The fiber suspension is then further processed in a closed shear refiner 100 of higher shear as shown in more detail in FIGS. 5 and 6. Refiner 100 is a Ross high shear mixer manufactured by Charles Ross & Son Company, Hauppauge, NY, Chesham Bucks, UK. It is similar to the Silverson mixer manufactured by Silverson Machine Ltd. With respect to the relatively stationary cylindrical stator 76, the rotor 72 is rotated in a 79 direction (FIG. 6) by the shaft 44, the stator having a series of apertures 78 at regular intervals along its periphery. Is formed so that the edge of the through hole acts as a stationary tooth. The illustrated rotor 72 has four radially extending arms or teeth 73, the end face of which is a predetermined distance y from the inner circumferential surface of the stator 76, for example, about 0.050 inch (1.3 mm). Leave away. A combination of the number of rotor teeth and stator apertures is achieved as required to achieve the desired degree of shear for the fiber between the rotor face and the stator aperture edges. The rotor and stator are immersed in the fiber suspension in the housing in the closed channel refiner 100 over the time required to slice and shear the remaining fiber core into nanofiber sized fibers. The original nanofibers produced by previous refining are hardly affected by the treatment at high shear refiner 100.

In rotary processing devices such as open and closed channel refiners as shown in FIGS. 1 to 6, the maximum shear rate at the outer periphery of the rotating blade or plate changes the physical design of the rotor surface, or the angular velocity of the rotor By increasing the diameter of the rotor or by increasing the diameter of the rotor. The shear rate increases from minimum to maximum as the rotor's outer velocity increases.

In some cases, the fiber suspension pressurizes the suspension inside the homogenizer and allows the pressurized suspension to pass through fewer nozzles or orifices, resulting in disruption of the cell, causing almost all fiber cores to be converted into nanofibers.

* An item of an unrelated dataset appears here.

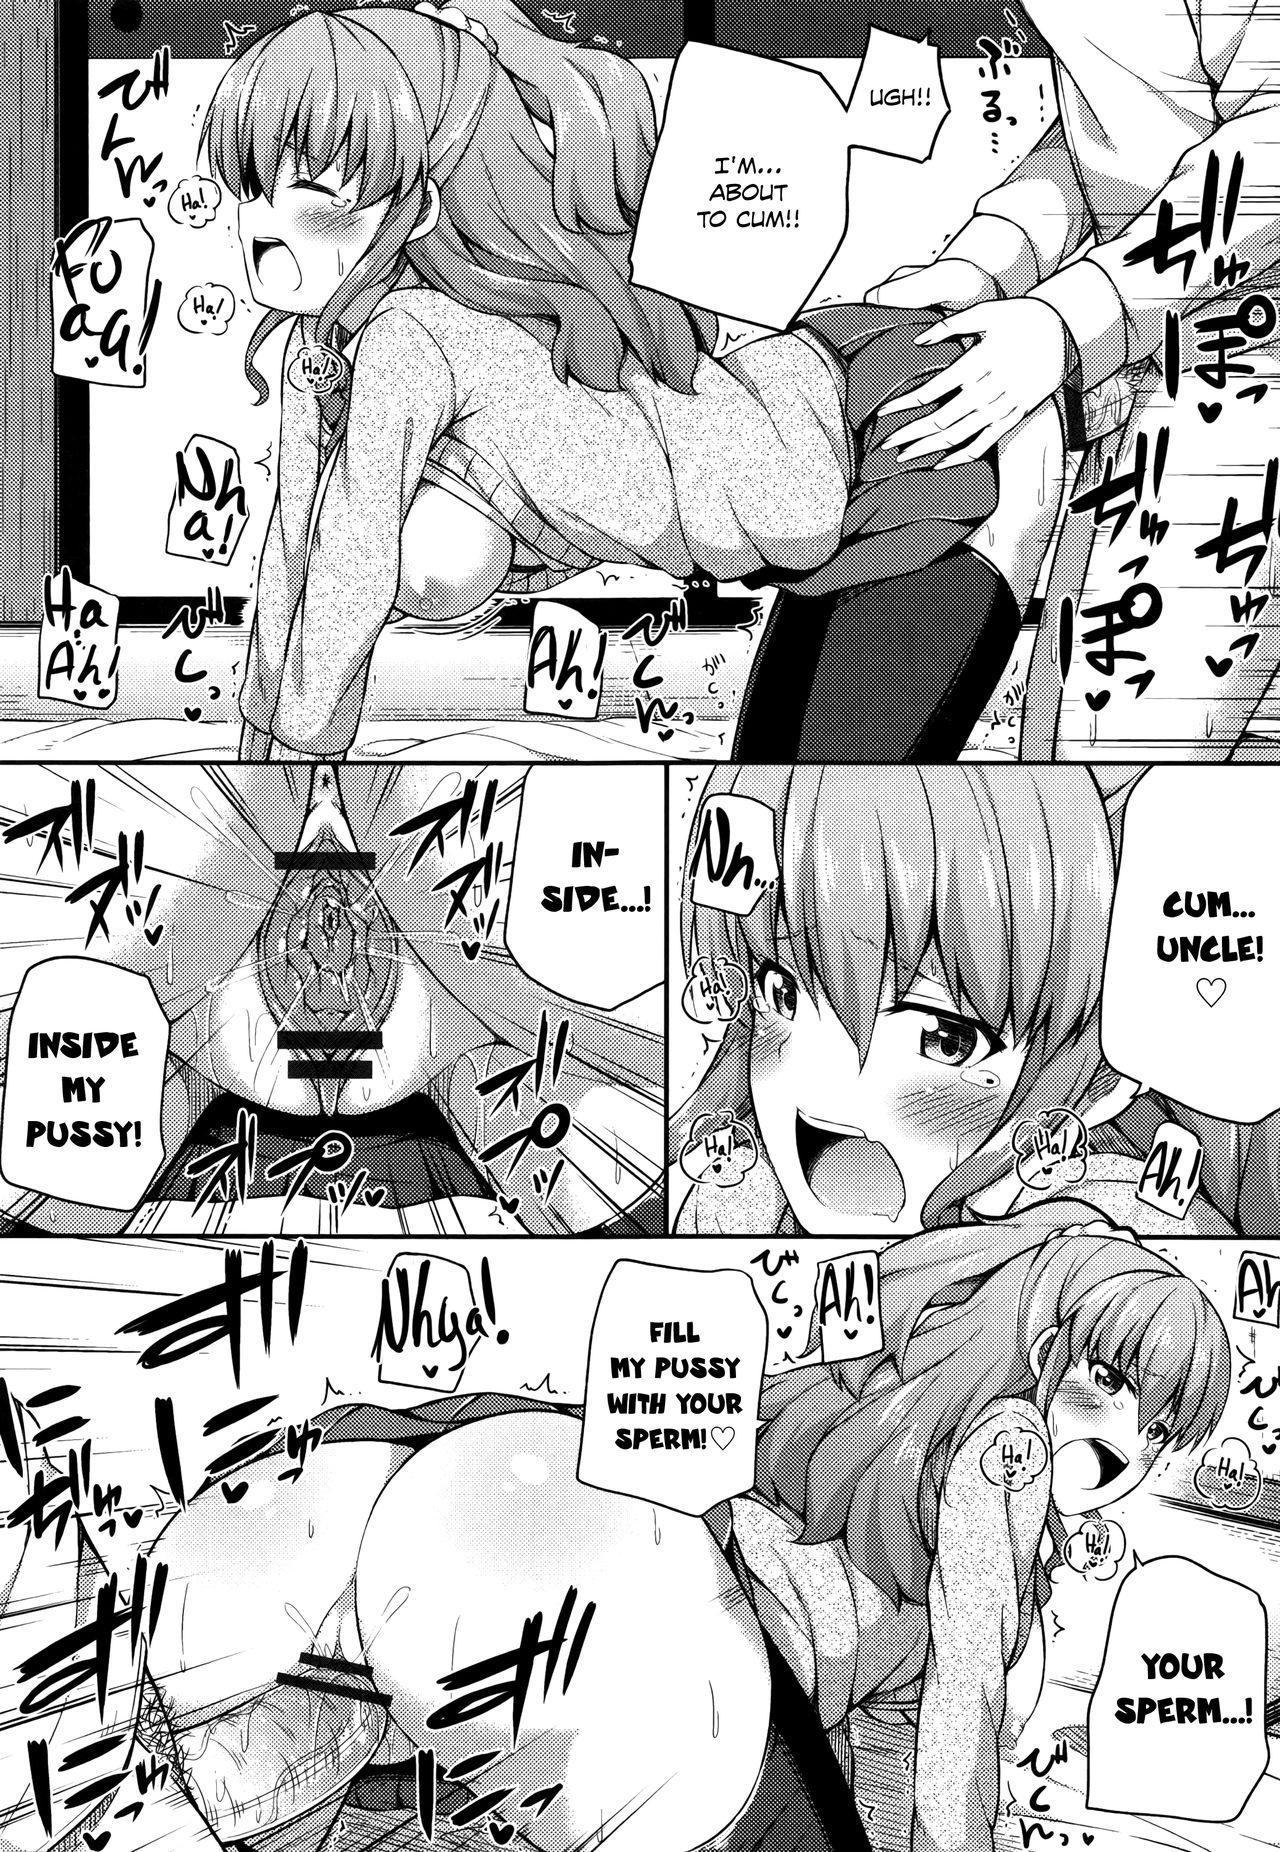 Kimi ga Haramu made Nando mo Aishiteru | I'll love you many times until you get pregnant 90

The processing may be done. This homogenization treatment is performed after or in place of one or two closed channel refiner treatments as described above as applying high shear forces to the fibers. The homogenizer is used in conjunction with or instead of the closed channel refiner as shown in Figures 3-6.

As shown in FIG. 7, the homogenizer 110 (also called a 'homogenization cell') consists of a pretreatment coupling 112, a nozzle assembly 114 and an absorption cell. A fiber slurry, typically CSF 0, is fed into the inlet chamber of the high pressure homogenization cell 116. The pretreatment coupler is used to control the cavitation before the fiber enters the nozzle. The fibers are evenly distributed in the pretreatment area 112 and a force is applied to pass through the nozzle assembly 114. Changes in nozzle diameter are possible to control viscosity, flow rate, and pupils to result in optimal cell collapse. Typical nozzle diameter is 0.2 mm. Very high shear is applied during the passage through the nozzle. The pressure of the fiber slurry is controlled between about 2000 to 45000 psi (15 to 300 Mpa). The slurry passed through the nozzle enters the absorption cell 118, which is provided with 10 reactors each having a length of 2 mm as shown and used for absorption of kinetic energy. As the fiber slurry exits the nozzle, the pores result in nanofiber separation from the core fibers as well as further collapse of the core fibers into less fibers. Kinetic energy is absorbed in the absorption cell 116. The length and diameter of the absorbent cell can be varied to control the processing time and turbulence. The final fibrillated fiber 84 slurry can be fed back to the inlet to pass through the homogenizer several times. The direction of the flow can be reversed inside the absorbent cell, in which case more turbulence will occur to separate the fibers sequentially.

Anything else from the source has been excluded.